[Given material — start]
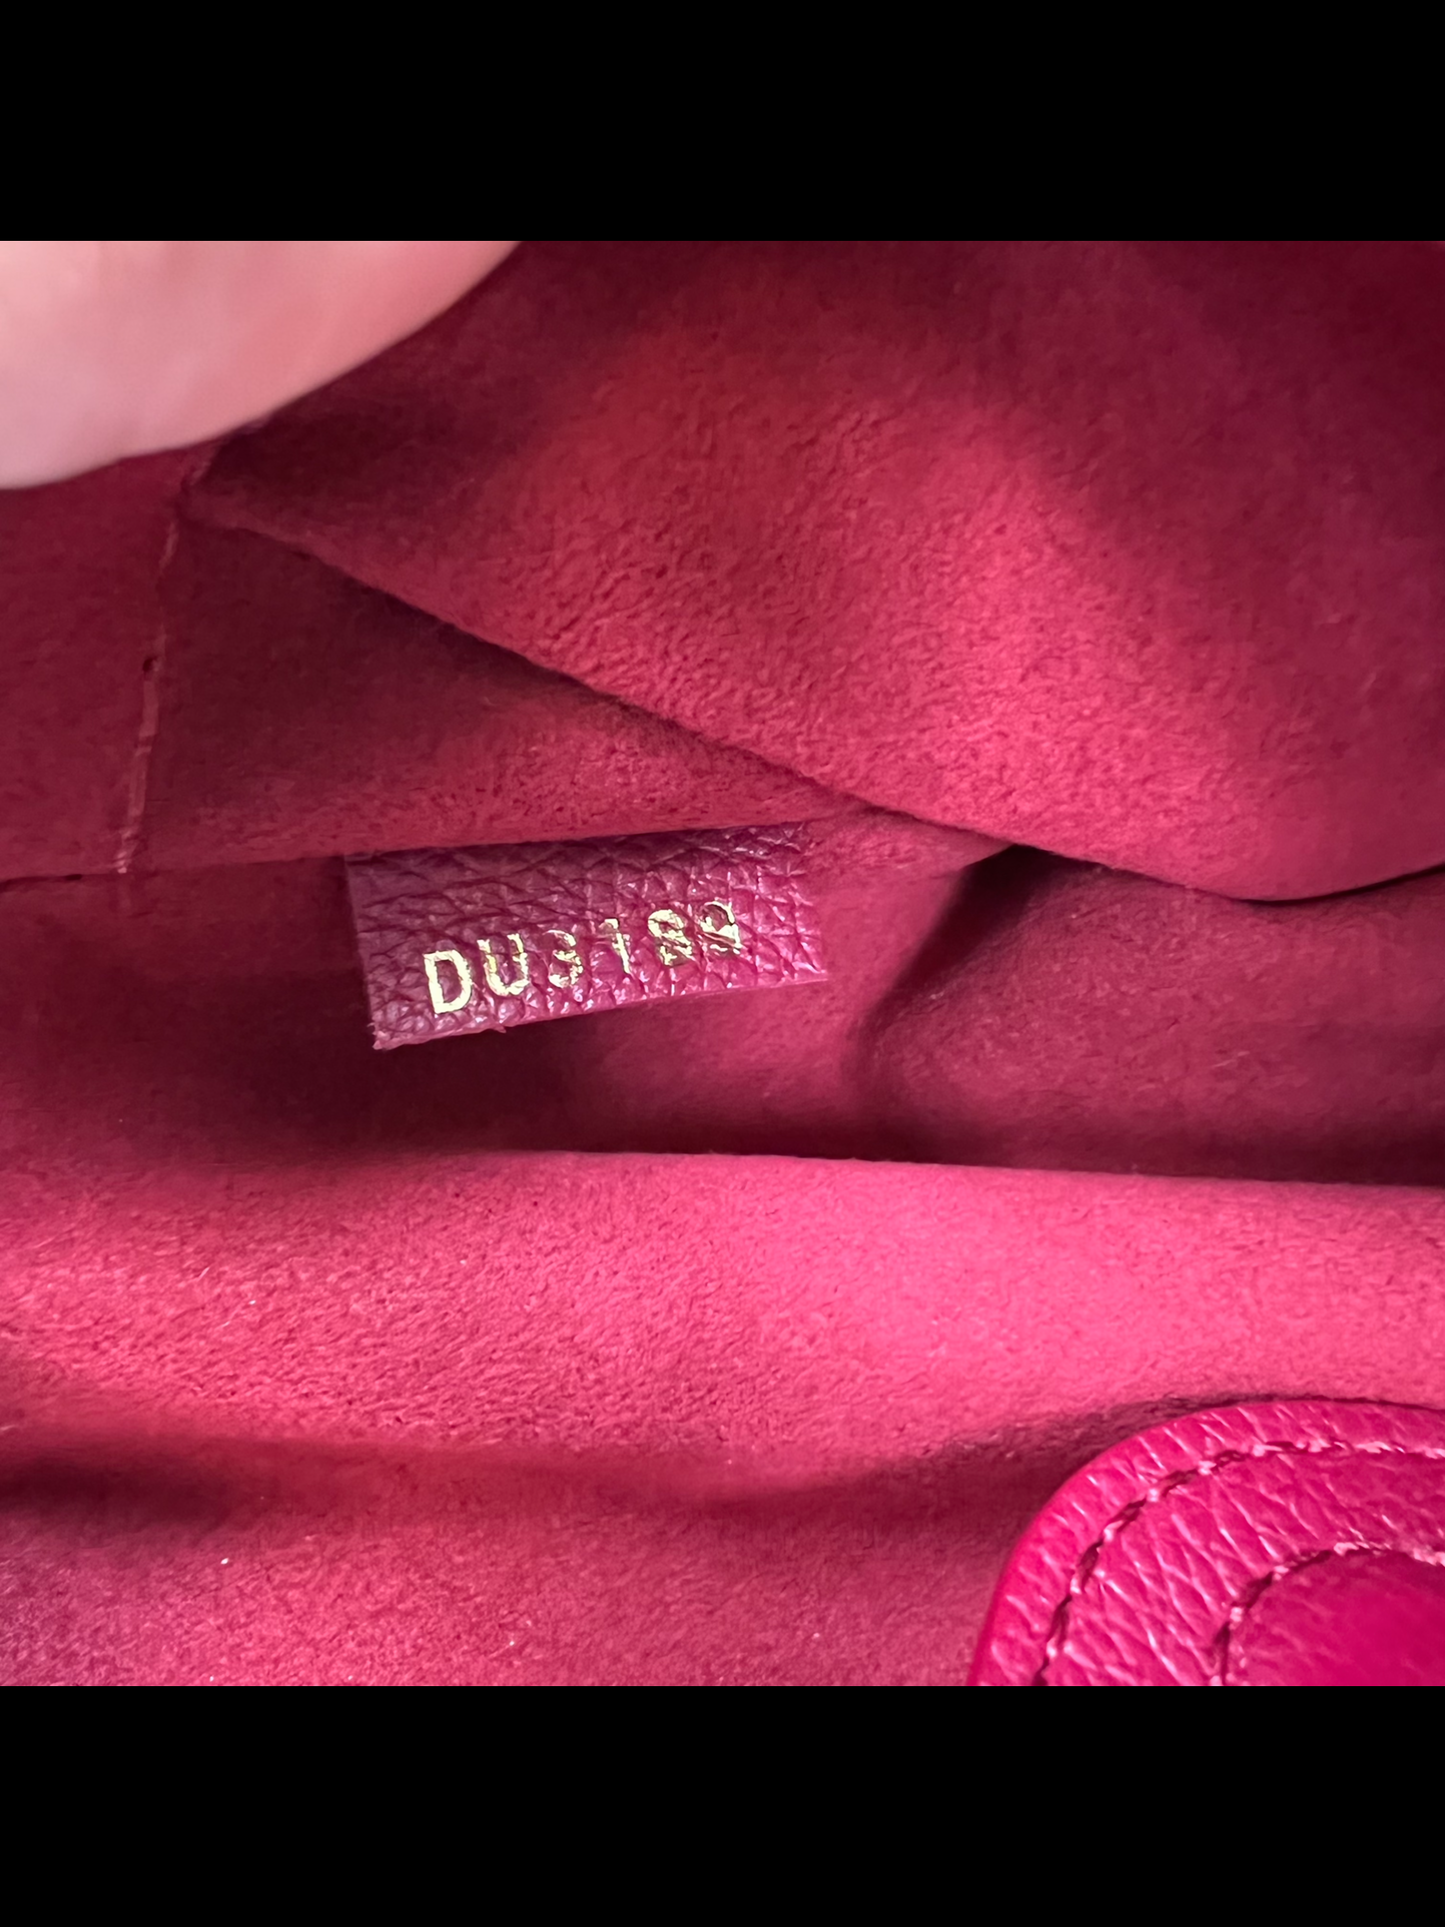 Louis Vuitton Riverside Damier Ebene Red Shoulder Bag
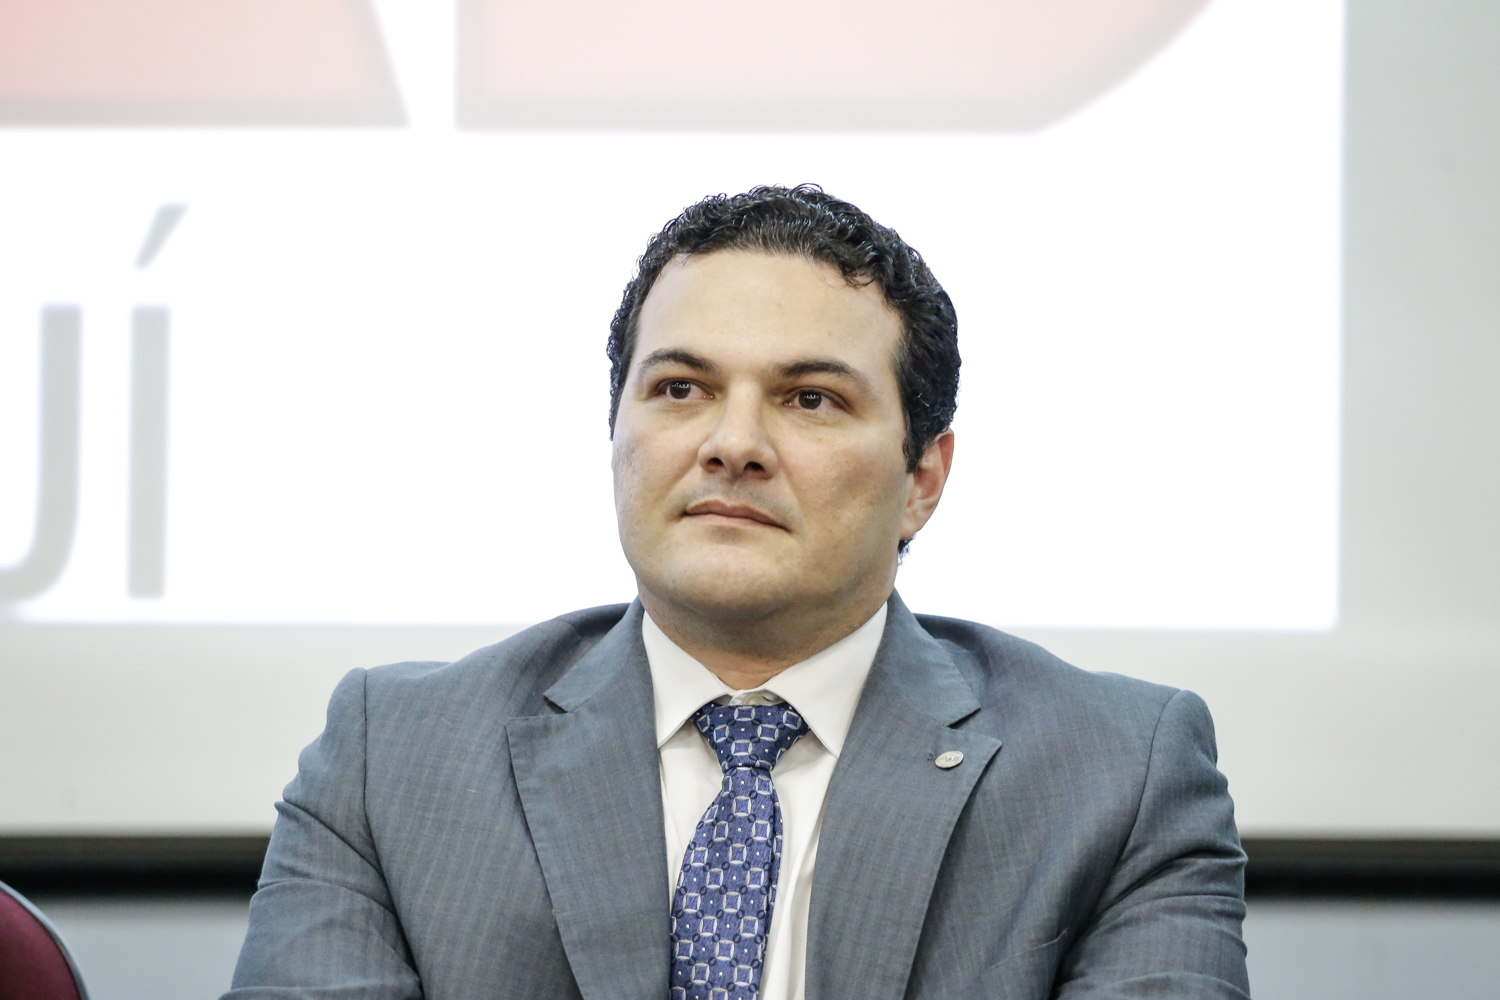 Advogado Celso Barros Neto 
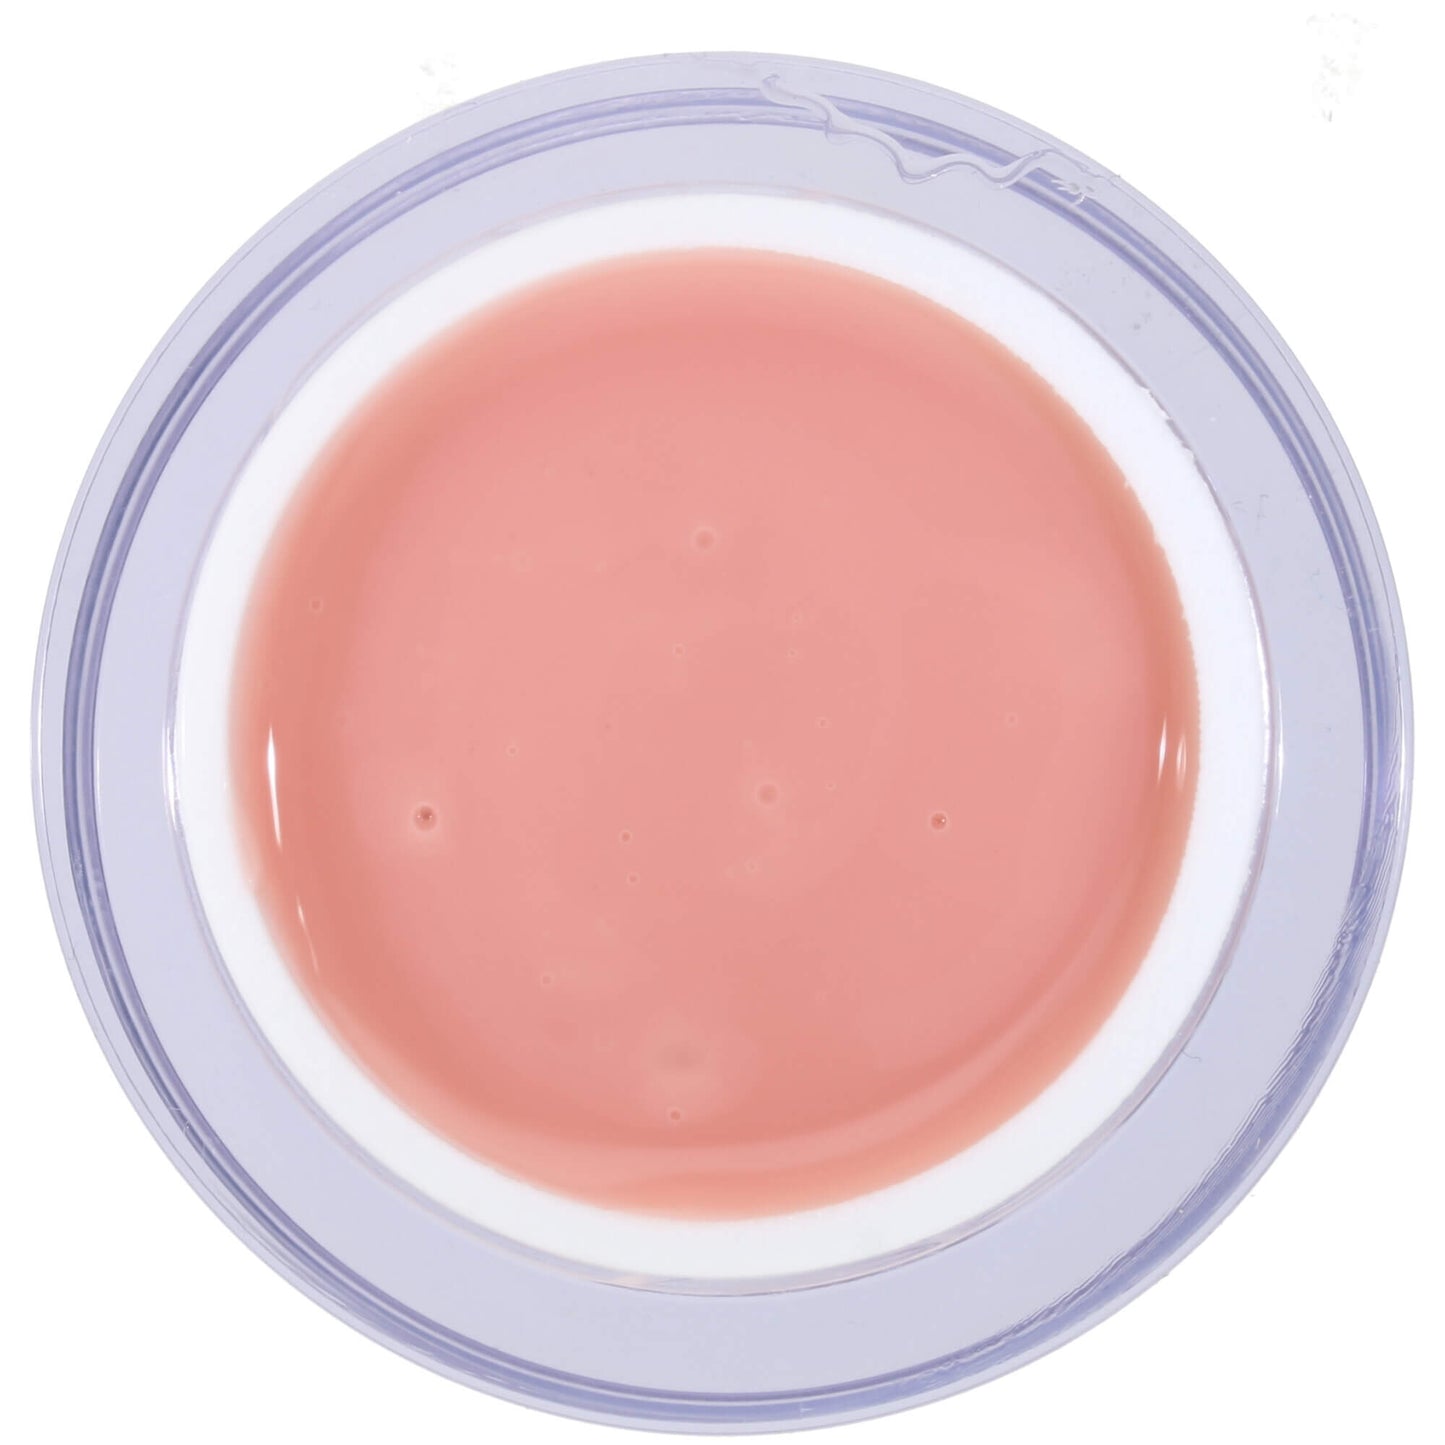 MSE 1-phase gel dusky pink / 1-phase dusky pink 5ml
[Given material — finish]
# [Task details]
Retype everything in the material word for word, minus pictures.

# [Exercise solution]
 Louis Vuitton Riverside Damier Ebene Red Shoulder Bag
 Advogado Celso Barros Neto 
 MSE 1-phase gel dusky pink / 1-phase dusky pink 5ml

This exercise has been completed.